By modifying a refrigerator commonly used in both research and industry, researchers at the National Institute of Standards and Technology (NIST) in the US have drastically reduced the time and energy required to cool materials to within a few degrees above absolute zero.
The scientists say their prototype device, which they are now working to commercialise with an industrial partner, could annually save an estimated 27 million watts of power, US$30 million in global electricity consumption, and enough cooling water to fill 5,000 Olympic swimming pools.
From stabilising qubits (the basic unit of information in a quantum computer) to maintaining the superconducting properties of materials and keeping NASA’s James Webb Space Telescope cool enough to observe the heavens, ultracold refrigeration is essential to the operation of many devices and sensors. For decades, the pulse tube refrigerator (PTR) has been the workhorse device for achieving temperatures as cold as the vacuum of outer space.
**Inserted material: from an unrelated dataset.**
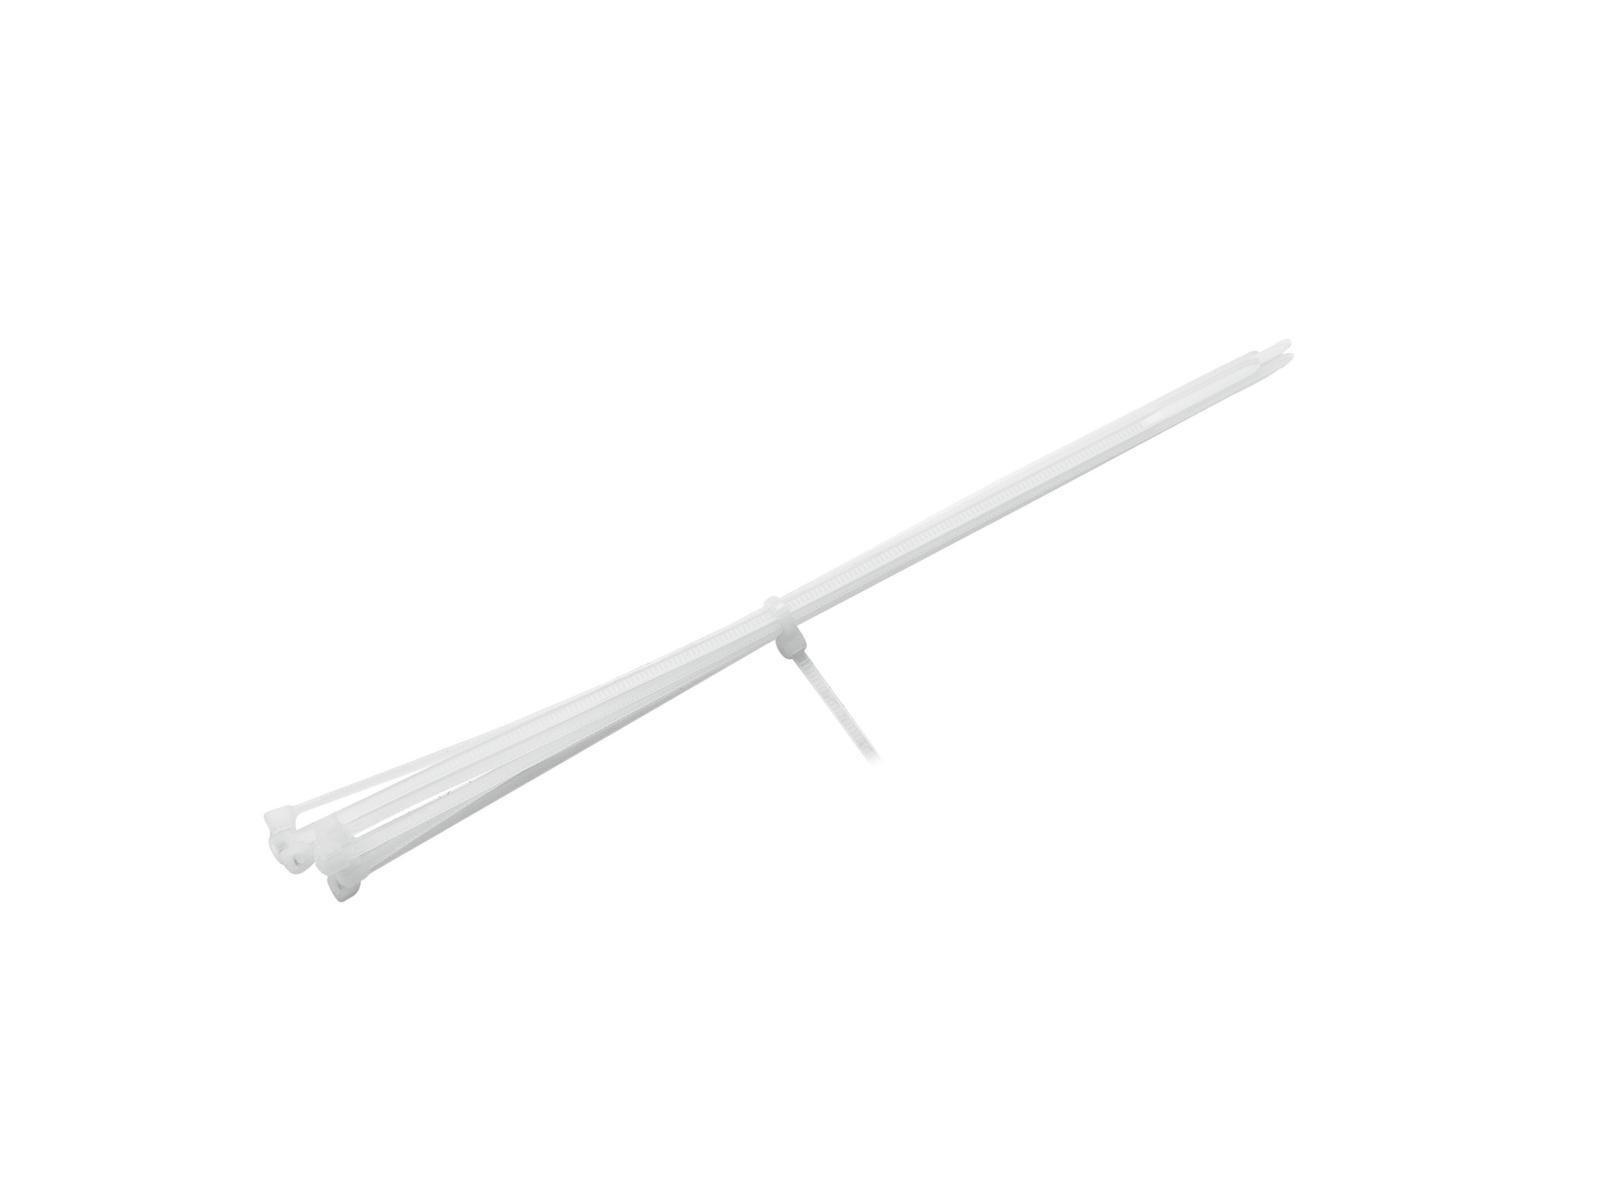 EUROLITE Cavo cravatta 200x2.2mm bianco 100x

These refrigerators cyclically compress (heat) and expand (cool) high pressure helium gas to achieve the “big chill,” broadly analogous to the way a household refrigerator uses the transformation of freon from liquid to vapour to remove heat. For more than 40 years, the PTR has proven its reliability, but it is also power-hungry, consuming more electricity than any other component of an ultralow temperature experiment.
The need for ultracold refrigerators will greatly expand as research on quantum computing, along with its reliance on cryogenic technology, continues to grow. With this in mind, the modified PTR could save money, electrical energy, and cooling water. In addition to supporting a burgeoning quantum economy, the device would also expedite research, as scientists would no longer have to wait days or weeks for qubits and other quantum components to cool.
The researchers, who include scientists from the University of Colorado Boulder, describe their method in an article posted online April 23 in Nature Communications.